For many people the 45-minute walk up Mandalay Hill for sunset is one of the highlights of a visit to the city. The usual starting point is the staircase between a large pair of chin-thé (lion-dogs) on 10th Street; there is another entrance a little further east.
Whichever route you choose, the concrete steps run uphill beneath a corrugated iron roof, lined with stalls selling drinks and souvenirs. The two routes meet just before Byar Deik Paya, from which a large standing Buddha points back the way you came. The story goes that the Buddha visited the hill and foretold that a great city would be built at its foot.
There are numerous other shrines on the way up the hill, including Ngon Minn Stupa, where the names of donors are written on the white columns. As you get higher, the crowds become thicker, particularly around sunset, but the wide terrace of Sutaungpyi Paya (“wish-granting pagoda”) at the top accommodates the mixture of pilgrims, tourists and novice monks, who are there to practise their English.
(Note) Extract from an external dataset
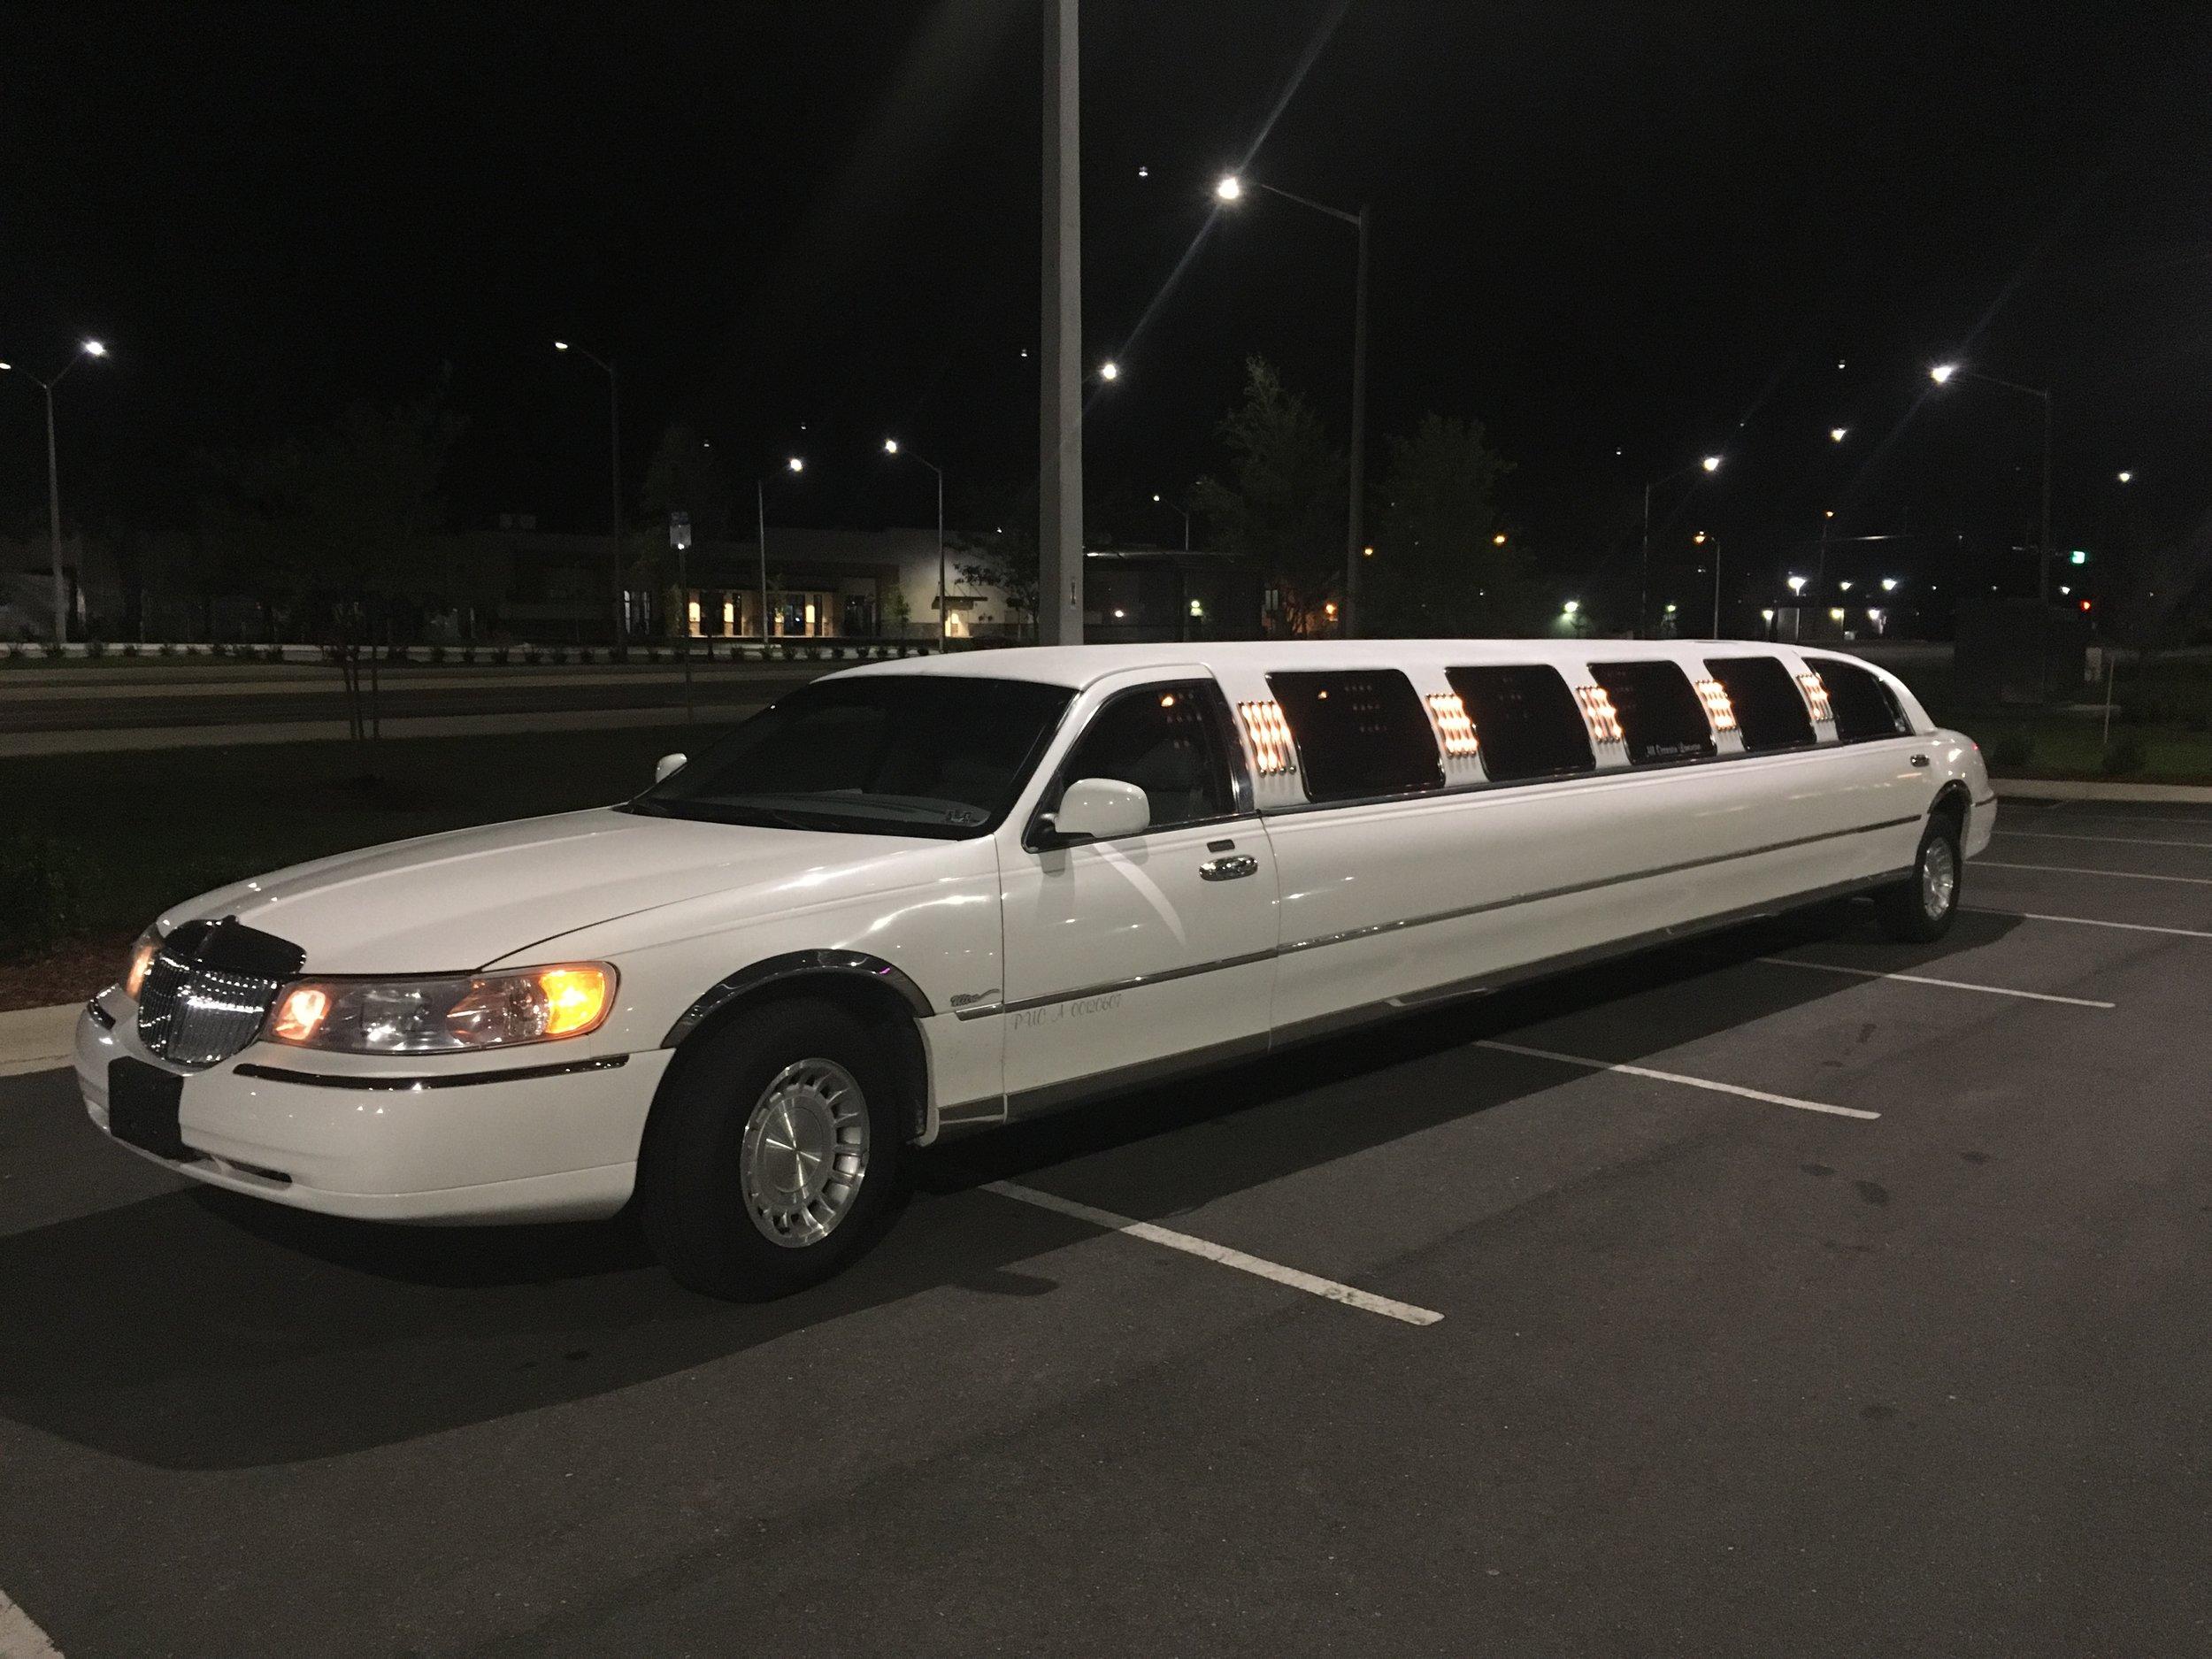 FTS Limousine - Tanzanite Exterior

Built as the residence for King Mindon and the Burmese aristocracy, Mandalay Palace is protected by walls and a moat more than 2km long on each side. After the British took the city they used it as a fort, and most of the huge site is still an off-limits military base. The palace complex itself is right at the centre (daily 7.30am–4.30pm; $10 Mandalay ticket), although the wooden buildings all burnt down towards the end of World War II. What you see today is a 1990s reconstruction.
Foreigners can only enter the walls through the east gate and are not allowed to deviate from the straight road to the centre. The best way to get an overview of the palace is by climbing the 130 steps of the helter-skelter-like watchtower in the southeast of the palace area. The iron roofs of the forty or so timber buildings that make up the palace may look inauthentic, but were actually specified that way by King Mindon. Generally though, the buildings, reminiscent of a film set, are impressive from a distance but less so when examined up close.